Back in the early '90s we were working on automating an aluminium smelter in Australia. We developed a system called Message Director: a publish and subscribe system that allowed applications to communicate on bus where messages were published, and subscriptions made to, a director application. All messages were logged and applications could be changed or added to without effecting other applications. It was incredibly successful. We finished the automation with a team of 3 people within time and under budget.
In a publish and subscribe system, senders and receivers of messages are ideally not associated. However, the problem with the original system was that because data was binary data a receiver of a message had to know the format of the messages it was receiving.

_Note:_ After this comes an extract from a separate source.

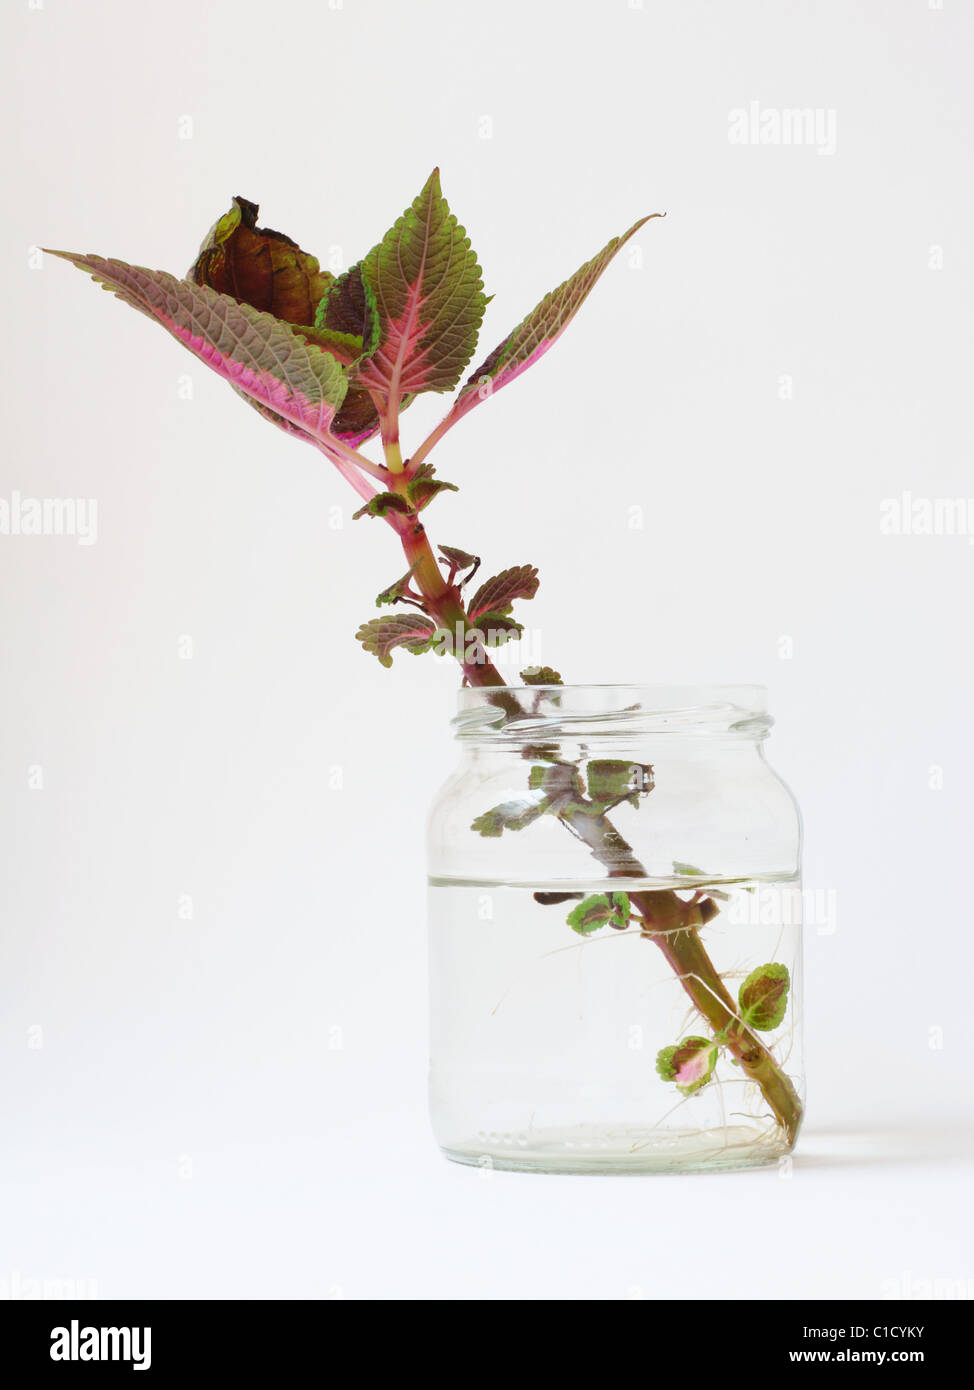 Growth of new life concept Stock Photo

Subsequently I went on the develop the concept into a more universal system called Universal Message Manager (UMM). In UMM all messages are self-describing. Small apps (called agents) can be written that have a simple task: receive these messages, do a task and send those messages. In one example that comes with the project. we have a tank monitoring system. A tank monitoring agent sends messages on the tank level, a pump agent receives messages when the tank level is below 10% and above 90%, switches on and off accordingly, and sends out confirmations messages. These messages can be seen on the screen, logged and a database application logs them the a database.
UMM is ideal for teaching as the agents are self-contained but can be used together to form a complex system. Another example on our website is a parcel sorting machine. The agents in the project are written in Python with a C option available. Agents can be written in any language.
The UMM project and documentation can be downloaded from https://umm.braham.net. It is free for non-commercial use.
We're particularly interested in people who want to use UMM for teaching.